Search Unity

  1. Welcome to the Unity Forums! Please take the time to read our Code of Conduct to familiarize yourself with the forum rules and how to post constructively.
  2. Dismiss Notice

Question System Optimization questions for Artificial Life Project [Extremely long post]

Discussion in 'Entity Component System' started by Naotagrey, May 20, 2021.

  1. Naotagrey

    Naotagrey

    Joined:
    Apr 17, 2016
    Posts:
    37
    I'm currently developing an Artificial Life simulation (non-DOTS, regular Unity) and have been following and looking into DOTS for a long time for the future of my project.

    Recently, I started trying to implement some mechanics of my simulation in ECS/DOTS when I lack the motivation to work on my present actual build.

    I've posted a few questions here already and the community has been incredibly helpful so far. I've already learned a lot and my project is starting to form as I add core systems in.
    However, I still lack a lot of knowledge about the cost of using certain patterns/structures and what kind of info would help in figuring that out.

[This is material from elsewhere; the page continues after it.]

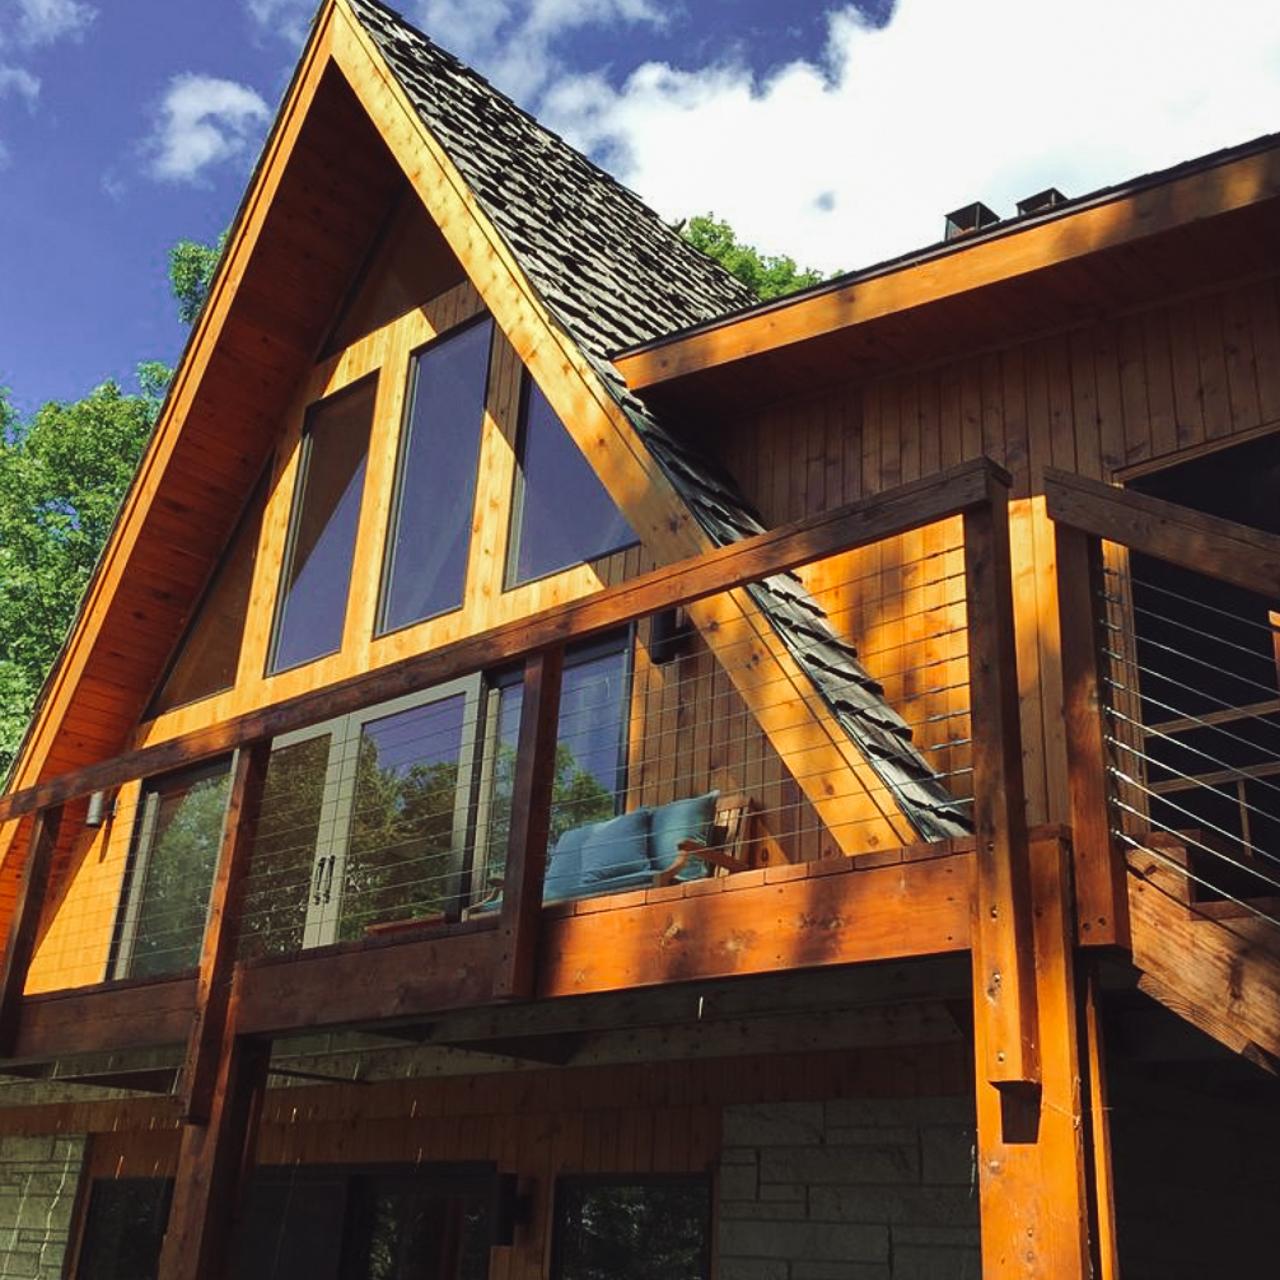 A Frame Cabin Rentals In Wisconsin Prenota online la tua casa vacanze, sarà un'esperienza unica! a frame cabin rentals in wisconsin
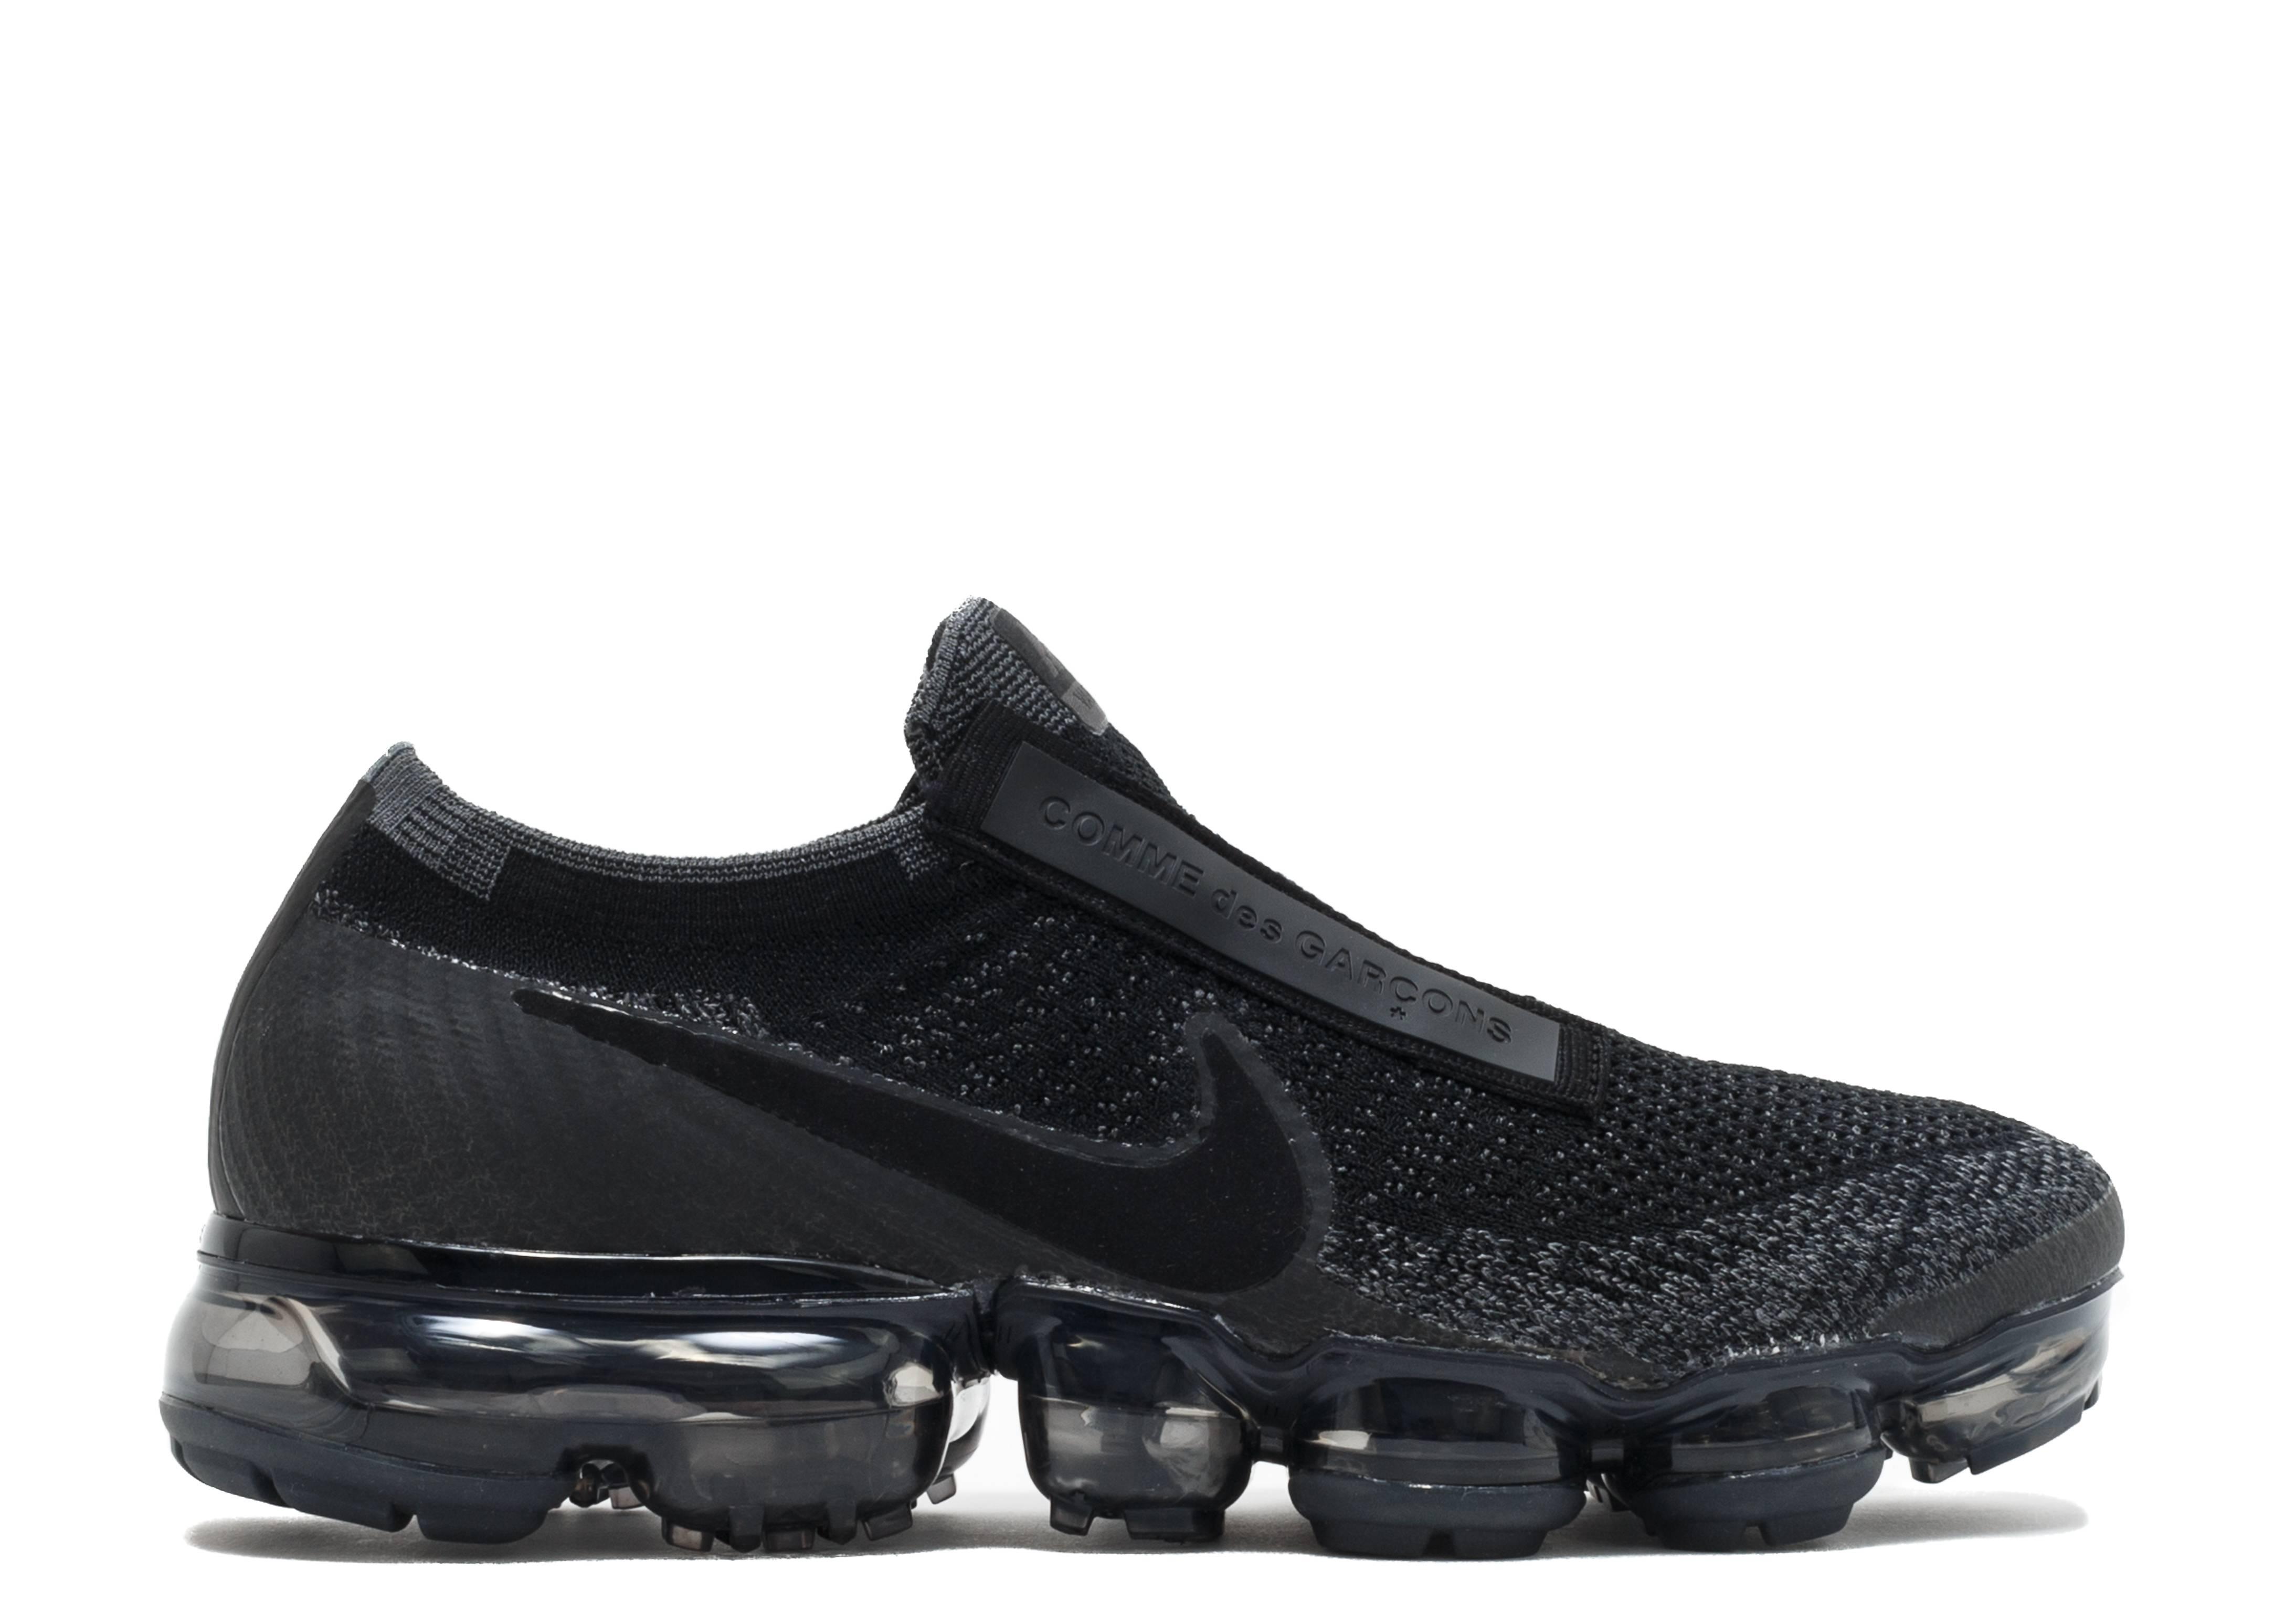 best sneakers 58236 7a292 w nike air vapormax fk/ cdg

    Info in order to give you all some context and make a concrete use case which we can base this discussion around:
    Warning: I'm going in-depth, jump to the Actual Topic section if you don't care about context. This is also going to be very verbose and I'll not post a lot of code unless we're really diving into the specifics or you request it to better comment on my specific implementation. Sorry for the long post :oops:


    Entity Archetypes (non-exhaustive):

    Agents: Represents a living agent which's next archetypes listed below will be associated with.
    They have a lot of Components describing their state

    Nodes: Hold values. Can be analogized to neurons, even if my use of them is a little more generic.
    Have both a [value] component and a [previousValue] component. They also have other components and tags to differentiate between different types and functions.

    Connections:
    Connect two Nodes [InputNode] and [OutputNode] components both containing references to Node Entities. Are used to propagate values between them and form networks (like a neural net). They also have a [connectionStrength] component, deciding the strength of the connection between Nodes.

    Modules: Hold Nodes. These will be what will read the world from the agent's perspective and write values to Nodes (senses) or read from Nodes to control the agent's behavior/characteristics (actions). Some modules will also not interact with their agents directly, but instead produce more complex processes than what would be possible just with connection (Example: a Memory Module saving an Input Node's value when another Input Node is high, setting that value to the Output Node)

    As a result, each agent can have an arbitrary amount and combination of modules, and the processing of their "brain" is managed by the particular systems in parallel, which ends up being far more efficient than the present Monobehavior implementation I had (obviously ahah).

    Here's an example of the kind of structure that could refer to a particular agent (only for example, don't get caught in specifics):

    Key takeouts: Multiple connections can have the same Node as Input or Output. Module Output Nodes can't be on the receiving end of a Connection, and vice versa. Free Nodes can be connected to either way.​

    Systems:

    These are some of the Systems I have implemented so far

    Node Preparation System: The [value] of Nodes are written to their [previousValue], and are then reset to their default value.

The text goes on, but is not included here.